You can also pass a pre-configured boto3 client:

import boto3

from pydantic_ai import Agent
from pydantic_ai.models.bedrock import BedrockConverseModel
from pydantic_ai.providers.bedrock import BedrockProvider

# Using a pre-configured boto3 client
bedrock_client = boto3.client('bedrock-runtime', region_name='us-east-1')
model = BedrockConverseModel(
    'anthropic.claude-3-sonnet-20240229-v1:0',
    provider=BedrockProvider(bedrock_client=bedrock_client),
)
agent = Agent(model)
...

Configuring Retries

Bedrock uses boto3's built-in retry mechanisms.
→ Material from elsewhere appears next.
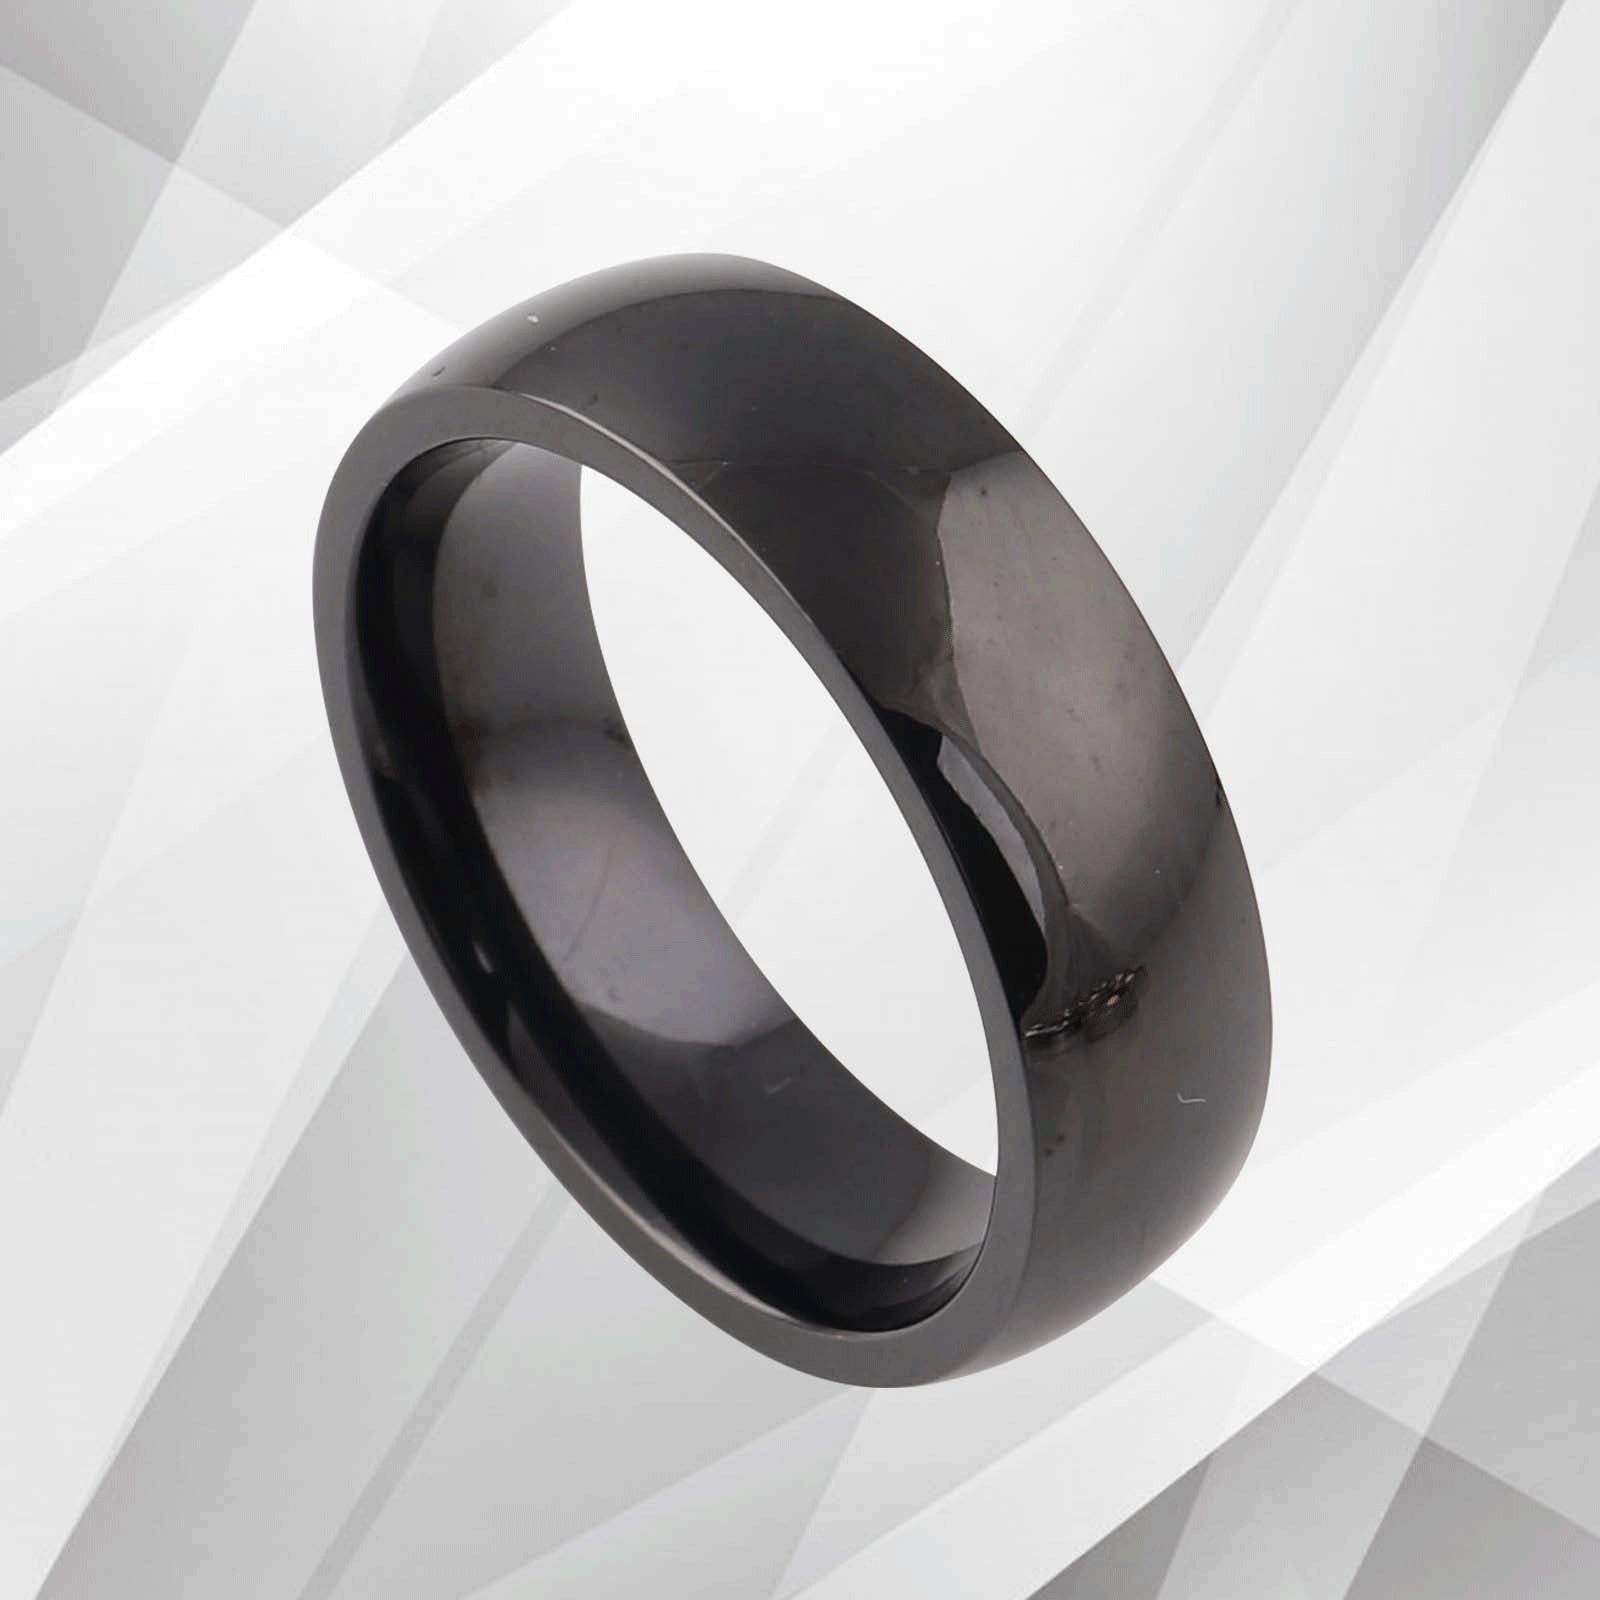 Gorgeous 6mm Black Tungsten Carbide Wedding Band for Men - D-Shape Comfort Fit Ring for Groom, Anniversary, Engagement - Jewelry & Watches - Bijou Her -  -  -

You can configure retry behavior by passing a custom boto3 client with retry settings:

import boto3
from botocore.config import Config

from pydantic_ai import Agent
from pydantic_ai.models.bedrock import BedrockConverseModel
from pydantic_ai.providers.bedrock import BedrockProvider

# Configure retry settings
config = Config(
    retries={
        'max_attempts': 5,
        'mode': 'adaptive'  # Recommended for rate limiting
    }
)

bedrock_client = boto3.client(
    'bedrock-runtime',
    region_name='us-east-1',
    config=config
)

model = BedrockConverseModel(
    'us.amazon.nova-micro-v1:0',
    provider=BedrockProvider(bedrock_client=bedrock_client),
)
agent = Agent(model)

Retry Modes

  • 'legacy' (default): 5 attempts, basic retry behavior
  • 'standard': 3 attempts, more comprehensive error coverage
  • 'adaptive': 3 attempts with client-side rate limiting (recommended for handling ThrottlingException)

For more details on boto3 retry configuration, see the AWS boto3 documentation.

Note

Unlike other providers that use httpx for HTTP requests, Bedrock uses boto3's native retry mechanisms. The retry strategies described in HTTP Request Retries do not apply to Bedrock.